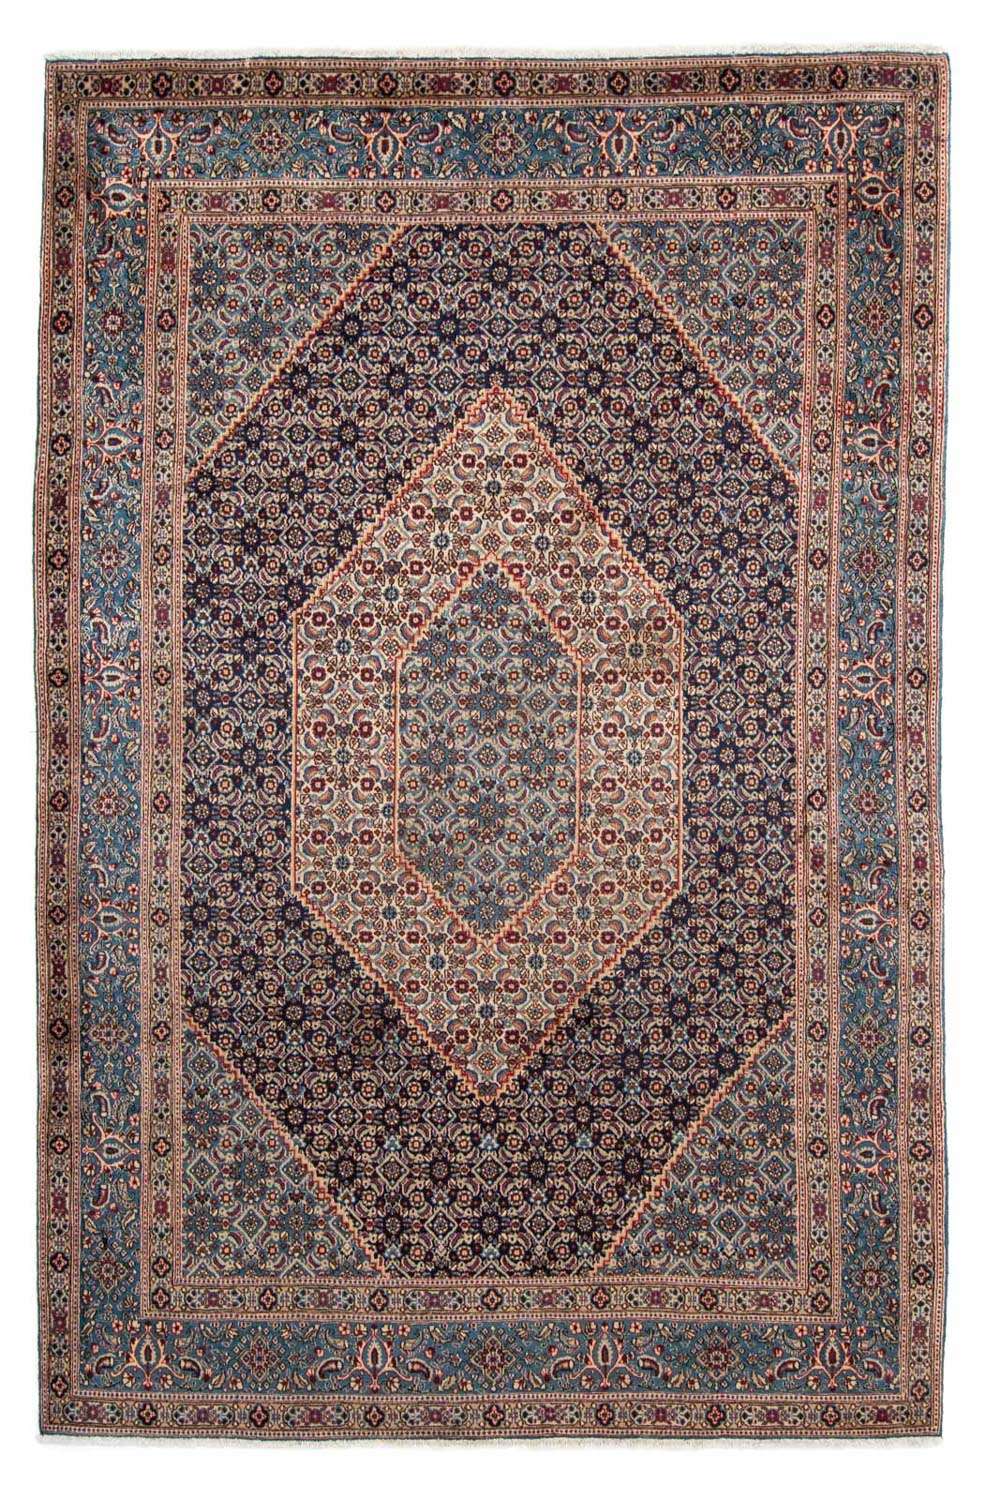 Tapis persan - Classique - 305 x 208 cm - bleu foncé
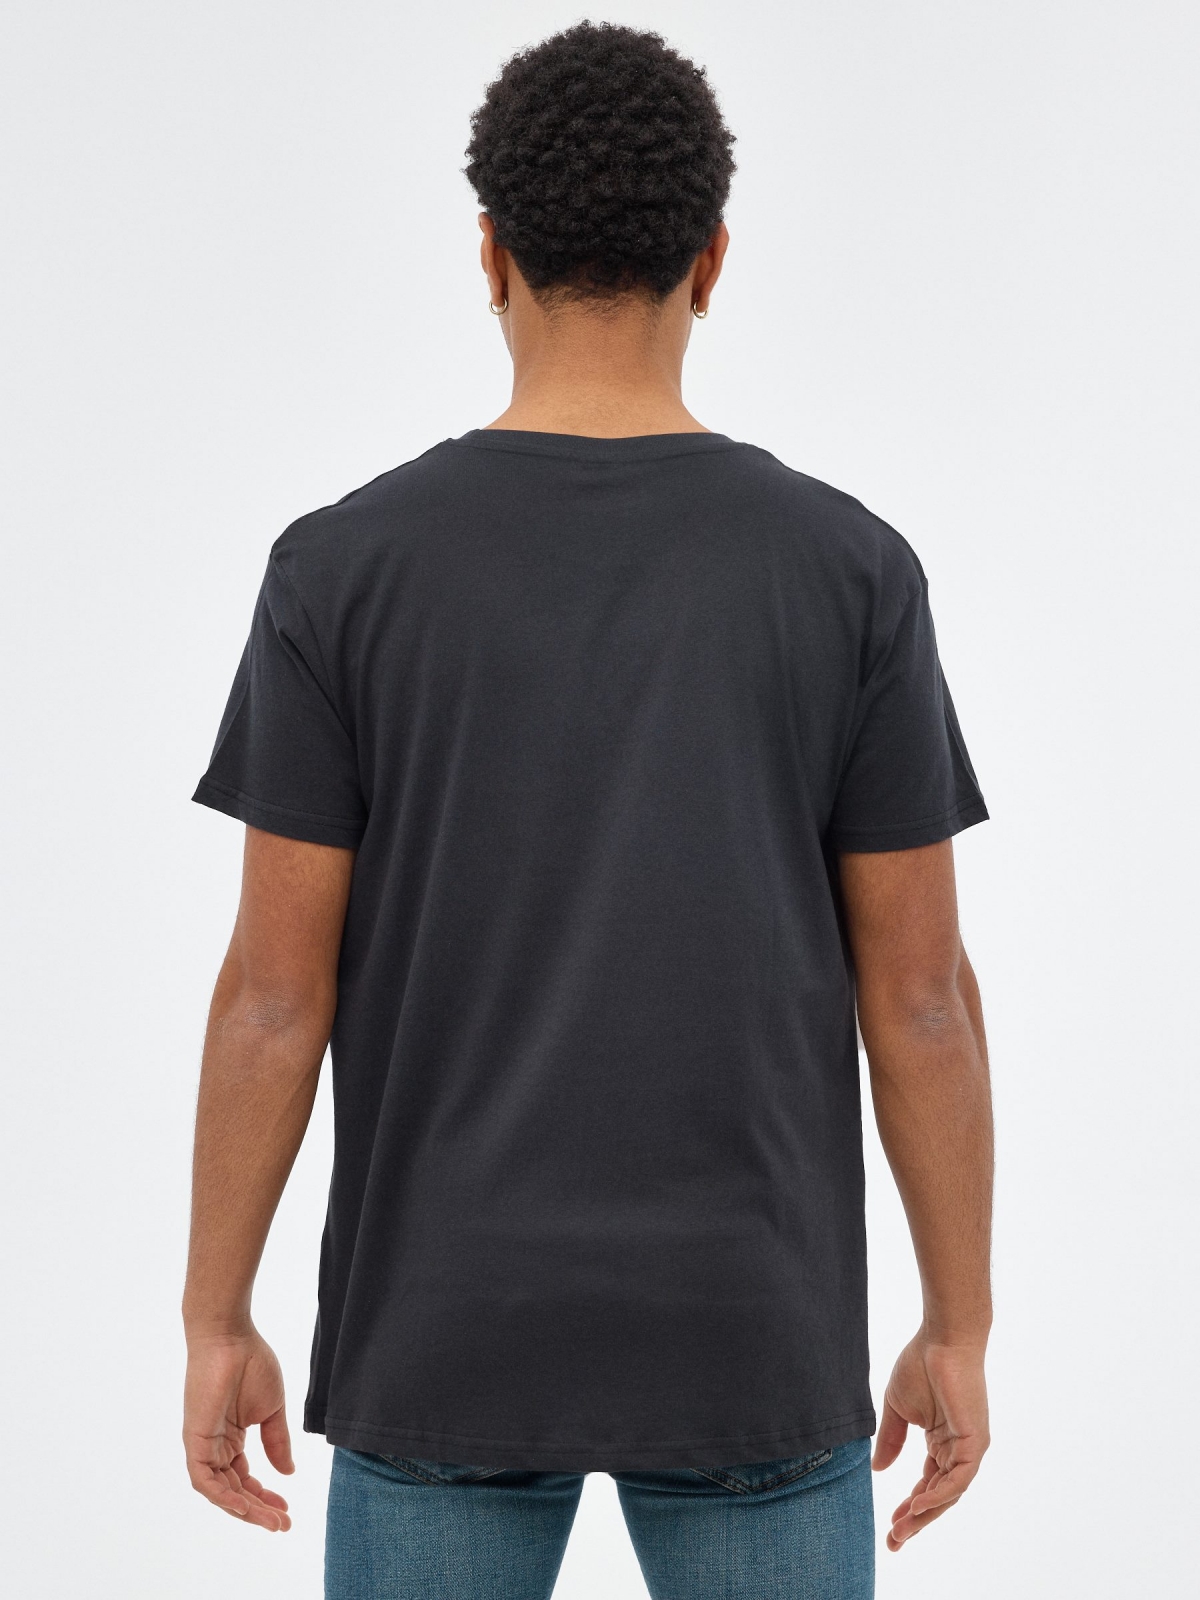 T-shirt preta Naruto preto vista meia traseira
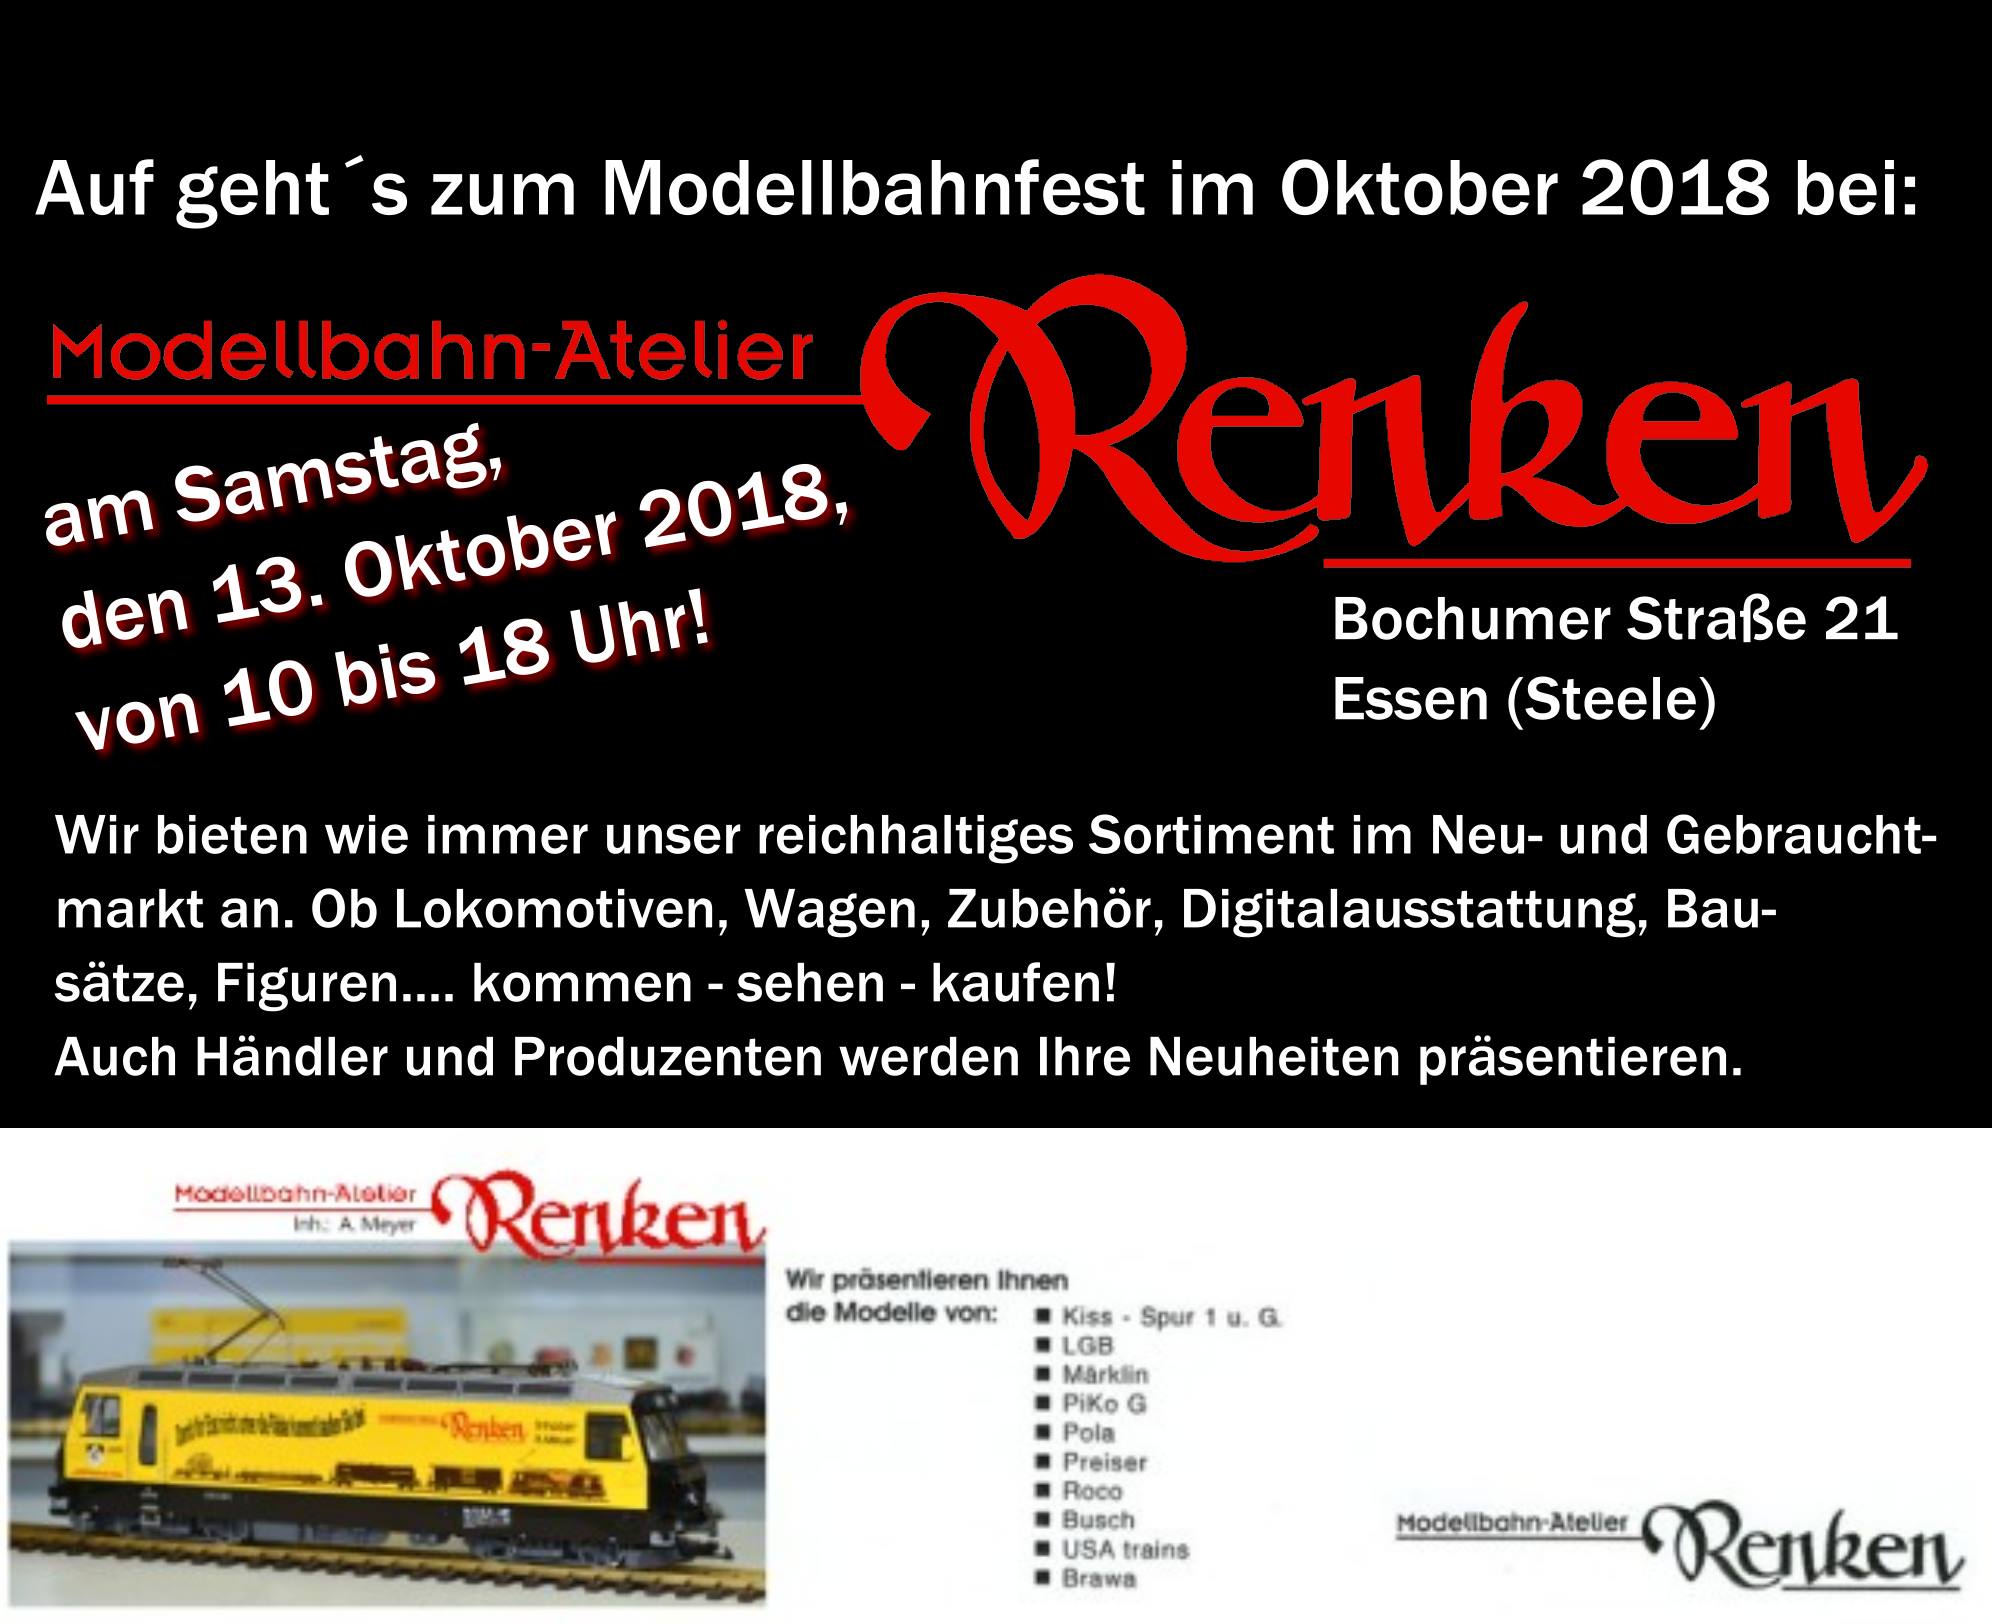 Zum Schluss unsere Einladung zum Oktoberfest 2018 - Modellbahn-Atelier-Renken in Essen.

_ _ _ _

_Activity_
Drop the pictures; repeat the listing above exactly.

_Solution for this problem_
 Tapis persan - Classique - 305 x 208 cm - bleu foncé
 T-shirt preta Naruto preto vista meia traseira
 Zum Schluss unsere Einladung zum Oktoberfest 2018 - Modellbahn-Atelier-Renken in Essen.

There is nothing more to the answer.